- Born: March 1942 (age 84) Sialkot, British India (now in Pakistan)
- Education: California State University
- Occupation: Businessman
- Known for: Chairman and MD, Apollo Tyres
- Spouse: Taru Kanwar
- Children: 3
- Parent: Raunaq Singh

= Onkar Kanwar =

Indian businessman

Onkar Kanwar (born March 1942) is an Indian businessman, chairman of Apollo Tyres. He is also the chairman of Artemis Global Life Sciences, PTL Enterprises and Premedium Pharmaceuticals Pvt Ltd.

==Early life==
Onkar Kanwar is the eldest son of Raunaq Singh (1922-2002), the co-founder of Apollo Tyres, and his first wife.

==Career==
After his undergraduate degree in business administration and industrial engineering, Onkar worked as a salesman in Riverside, California working on estimates for different government contracts for about six months. He then worked for Abbey Etna Machine Company in Perrysburg, Ohio on the shop floor. The president of Etna Company after discussions with the Kanwar family and looking at the perseverance of Onkar invested money to start a new pipe factory in India.

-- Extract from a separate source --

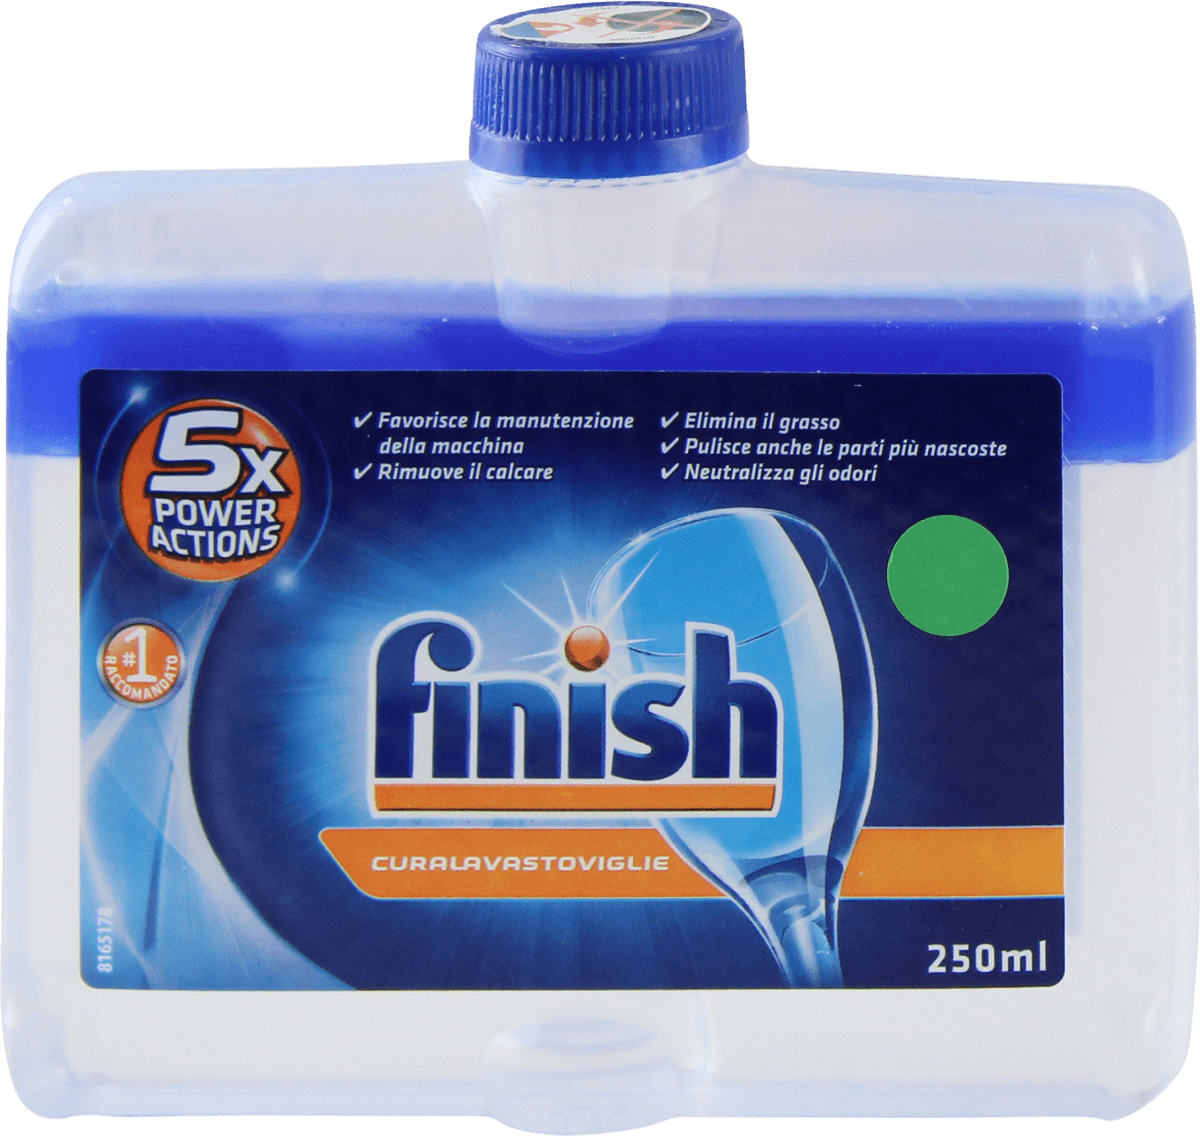 Finish Detergente cura lavastoviglie, 250 ml Acquisti online

Kanwar has grown Apollo Tyres from a small single-plant Indian company into a multinational with seven plants worldwide, and annual revenues in excess of US$3 billion. In June 2013, it was reported that Apollo Tyres would buy US-based Cooper Tire & Rubber Company for about $2.5 billion in a deal that would make it the world's seventh-largest tyre maker, but the takeover collapsed after legal battles.

Kanwar also owns speciality hospitals under the Artemis brand in northern India.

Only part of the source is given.